背景：炎症反应和心肌重塑在心肌梗塞（MI）后心力衰竭（HF）的发展过程中起着至关重要的作用。Isoliquiritigenin (ISL) 具有抗炎特性，已被用于研究动脉粥样硬化等心血管疾病。然而，ISL 对 MI 引起的高血压的影响和机制仍不清楚。本研究旨在以网络药理学、转录组学和实验验证为基础，探讨ISL治疗HF的作用和机制：我们建立了 MI 诱导的 HF 小鼠模型，通过灌胃给药 ISL 28 天。收集了小鼠的超声心动图数据，并进行了病理染色。然后进行了网络药理学和分子对接。我们还对小鼠心肌组织进行了转录组分析。最终，我们整合了转录组数据和网络药理学，揭示了其潜在机制，并通过体内实验验证了结果。我们的实验表明，ISL 能改善心肌缺血引起的高房颤动小鼠的心功能、保护心肌结构、抑制胶原纤维堆积、减少炎症因子分泌并减轻心肌细胞凋亡。结合转录组学和网络药理学分析发现，ISL 与高房颤相关的核心靶点明显富集在肿瘤坏死因子（TNF）信号通路中。分子对接验证表明，ISL与这些核心靶点有很强的结合力。此外，体内实验验证了 ISL 可通过抑制 TNF 信号通路来预防心肌梗死后的高房血症：我们阐明了 ISL 治疗心肌梗死后高房颤的抗炎和抗心肌重塑机制，其中涉及 TNF 信号通路。

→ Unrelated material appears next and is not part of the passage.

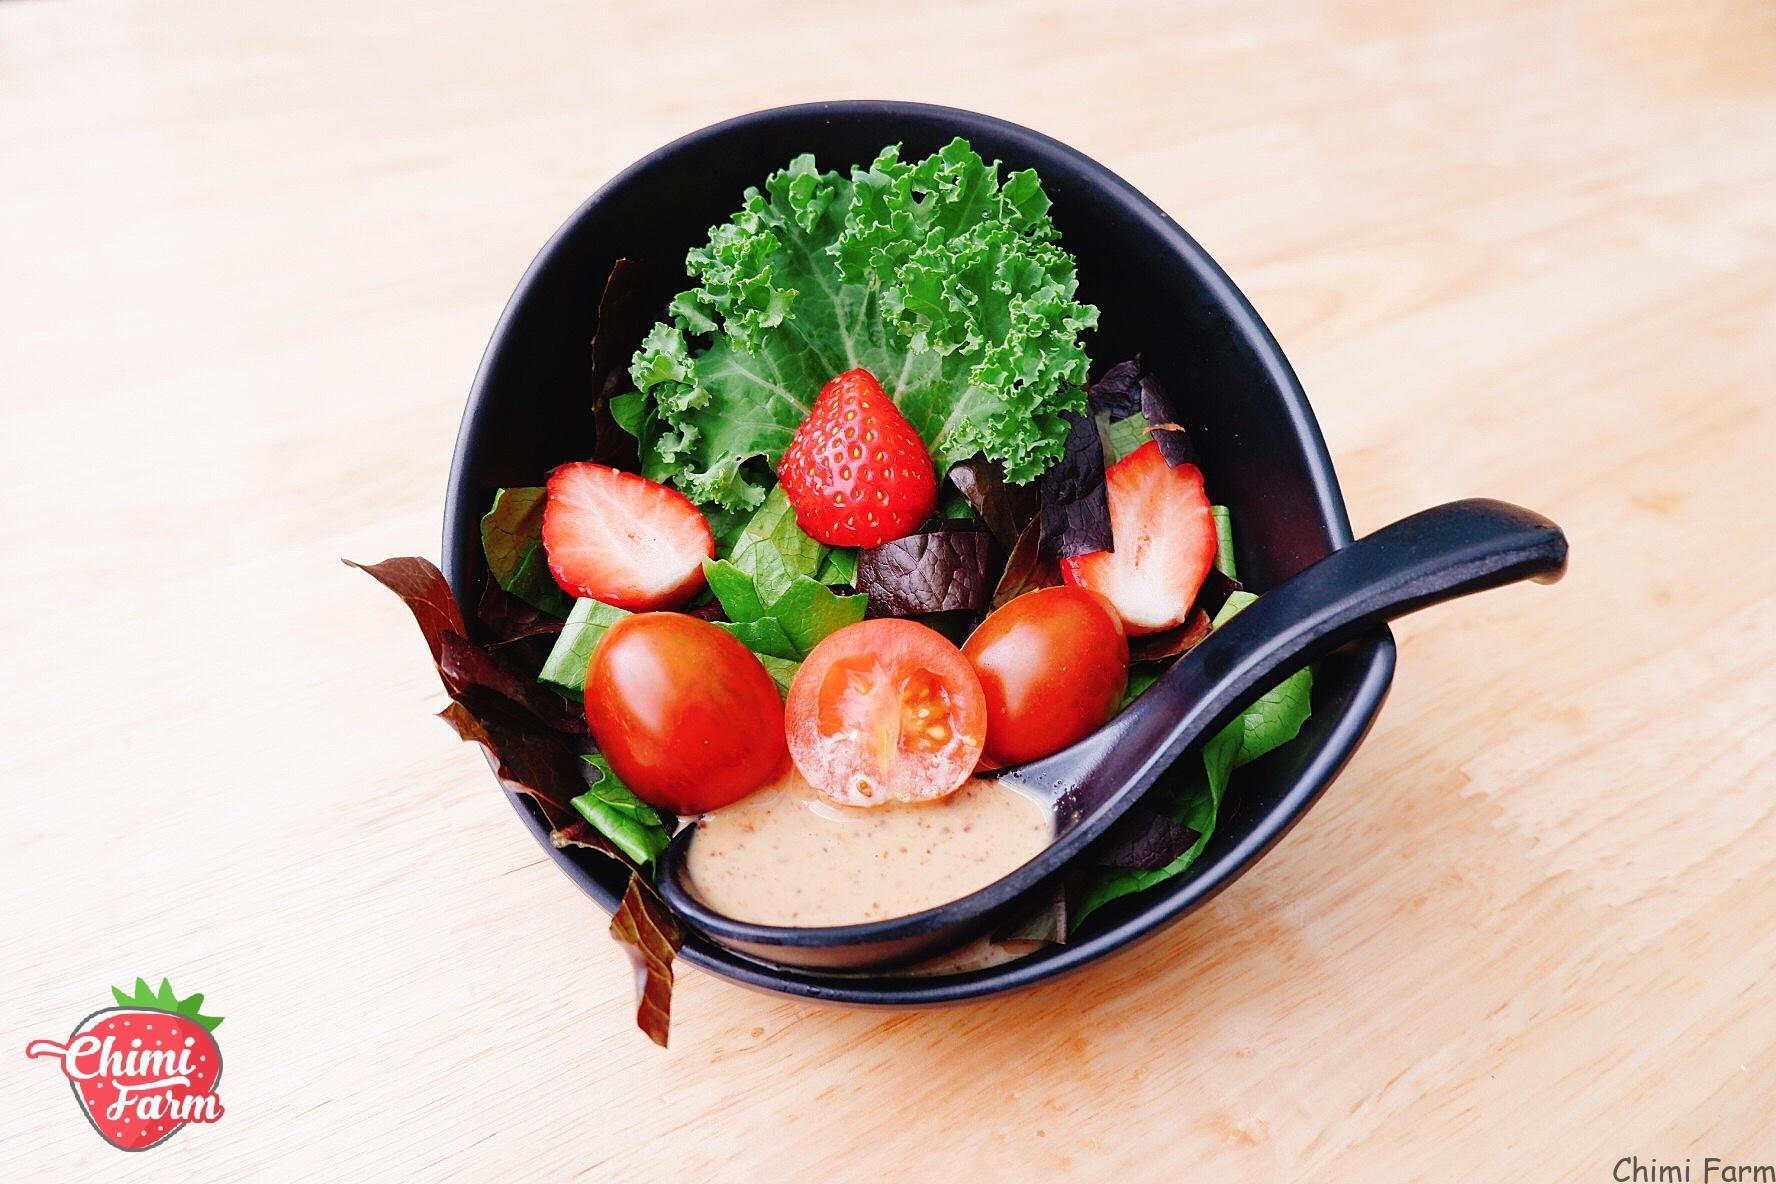 Rau cải kale làm salad giúp đẹp da, giữ dáng cho các chị em

本文章由计算机程序翻译，如有差异，请以英文原文为准。

求助全文

约1分钟内获得全文求助全文

来源期刊

Toxicology and applied pharmacology 医学-毒理学

CiteScore

6.80

自引率

2.60%

发文量

309

审稿时长

32 days

期刊介绍： Toxicology and Applied Pharmacology publishes original scientific research of relevance to animals or humans pertaining to the action of chemicals, drugs, or chemically-defined natural products. Regular articles address mechanistic approaches to physiological, pharmacologic, biochemical, cellular, or molecular understanding of toxicologic/pathologic lesions and to methods used to describe these responses. Safety Science articles address outstanding state-of-the-art preclinical and human translational characterization of drug and chemical safety employing cutting-edge science. Highly significant Regulatory Safety Science articles will also be considered in this category. Papers concerned with alternatives to the use of experimental animals are encouraged. Short articles report on high impact studies of broad interest to readers of TAAP that would benefit from rapid publication. These articles should contain no more than a combined total of four figures and tables. Authors should include in their cover letter the justification for consideration of their manuscript as a short article.